Blog posts are like shoes: some are sexy and some are practical. This post falls on the far side of practical, not unlike orthopedic clogs.
Here’s the premise: Say you’re currently tracking your site with Webtrends and you’re considering a switch to Omniture. If you’re happy with the content hierarchy logic that you’ve built into your Webtrends implementation, how much of it will be portable to Omniture? Here are the most important factors to consider:
1) Webtrends Profile = Omniture Report Suite
The Webtrends profile and Omniture report suite both represent the top-level segments for a site. Assuming a given Webtrends profile genuinely maps to a visitor segment that requires full reporting it should be recreated as an Omniture report suite.
In some Webtrends implementations I’ve seen (especially log-based systems), administrators will create lots of profiles simply to obtain unique visitor counts for partial slices of populations. If this is the case it may be possible and appropriate to get the required metrics in Omniture without recreating every single profile as a report suite, since Omniture has more unique visitor reporting flexibility. Omniture also offers a free report suite roll-up feature; there’s no direct match for this in Webtrends.
2) Webtrends Directory Report ≈ Omniture Channel
The Webtrends Directory Report lists out visits by first-level directory based on URL structure. The Omniture s.channel variable serves a similar function, although it’s more likely to be based on business rules which may or may not match the literal file path. If the site has a clean URL structure this would be a simple and easy translation.

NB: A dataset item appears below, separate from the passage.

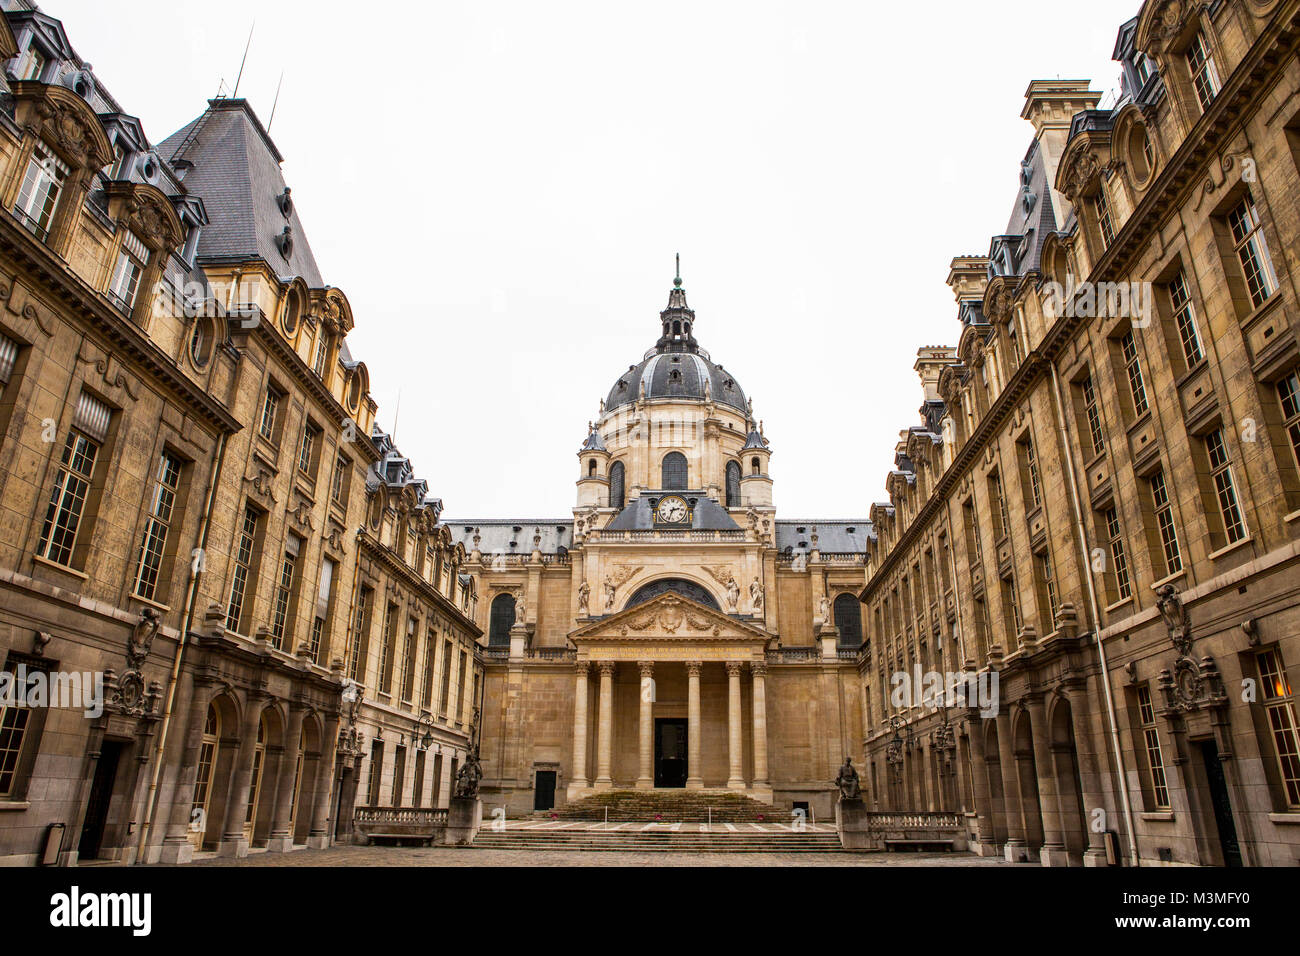 Parigi, Francia - 10 luglio 2014: l'Università di Parigi ( Universite de Paris ), alla Sorbona, famosa università di Parigi, fondata da Robert de Foto Stock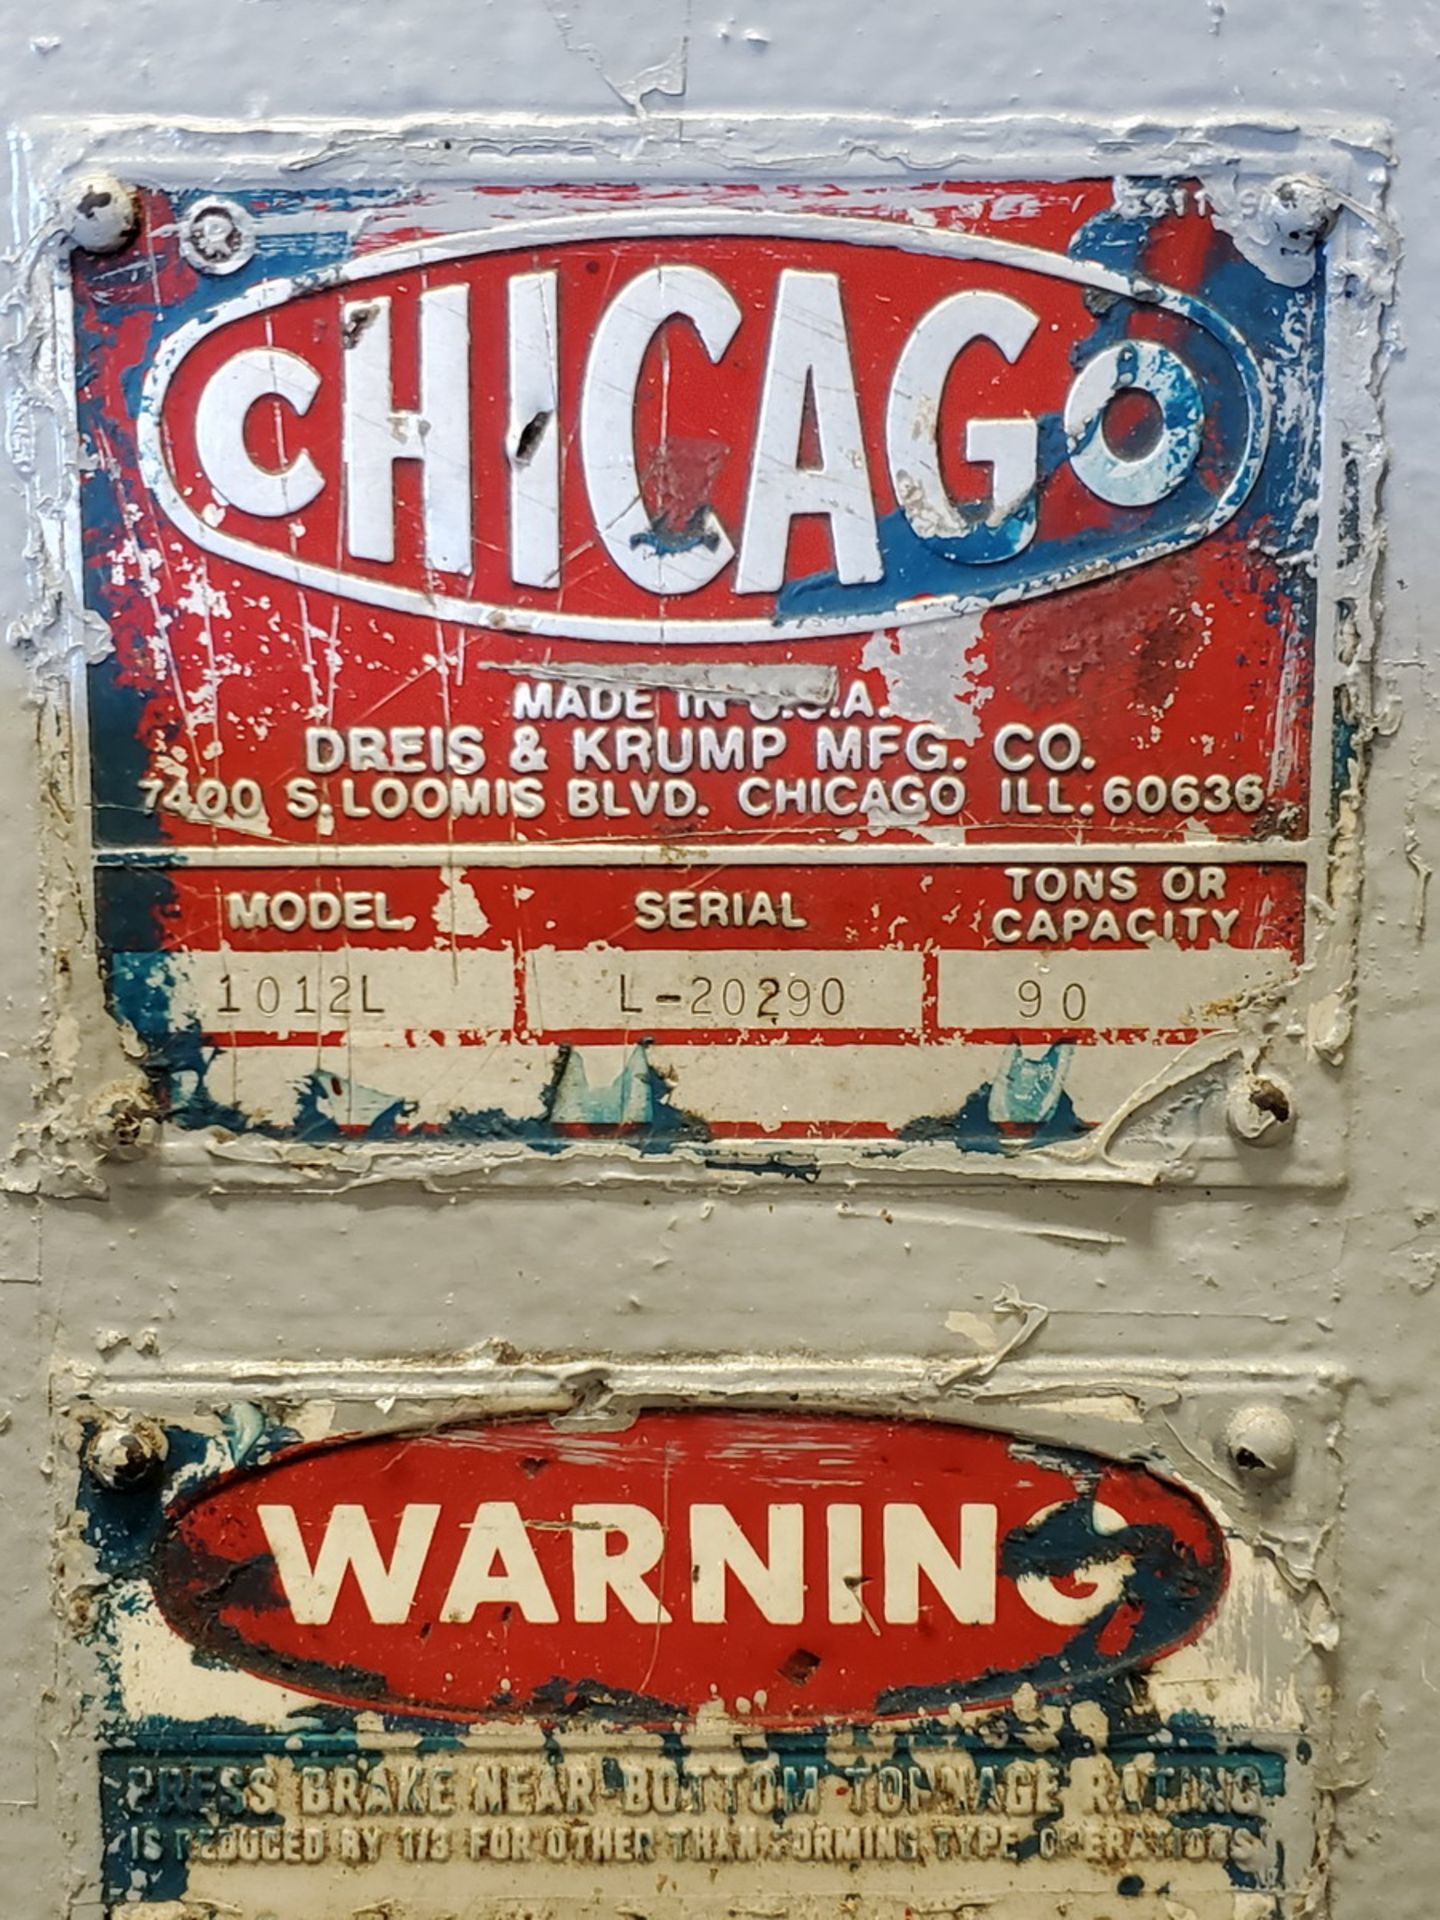 90 Ton x 12' Chicago Dreis & Krump Mechanical Press Brake - Image 8 of 8

3) Webtrends Content Groups ≈ Omniture Hierarchy
In Webtrends most of the business-level content hierarchy reporting is managed using content groups. In my experience, ALL usable Webtrends implementations have at least a few content groups defined. The closest analogy in Omniture would be the s.hierN variables.
Keep in mind that Webtrends content groups go 2 levels deep (i.e. content groups and sub-groups) while Omniture hierarchy reporting goes 5 levels deep. Another important difference is that Webtrends has no strict limit on the number of content groups you can create, while a standard Omniture contract includes just 5 hierarchy variables (each with 5 levels). A migration would involve not only a mapping of content groups to hierarchy variables but a reassessment of whether the 2-level structure designed within Webtrends makes business sense now that you've got 5 levels at your disposal.
4) Other Considerations
In general, Omniture implementations tend to be more complex – and more flexible – than Webtrends implementations. Anyone considering a migration should take their Webtrends setup, translate functionality where parallels exist, then look to the additional Omniture features available to them.
What do you think? Am I right? Am I wrong? Am I missing something? I welcome your feedback, especially if it’s practical.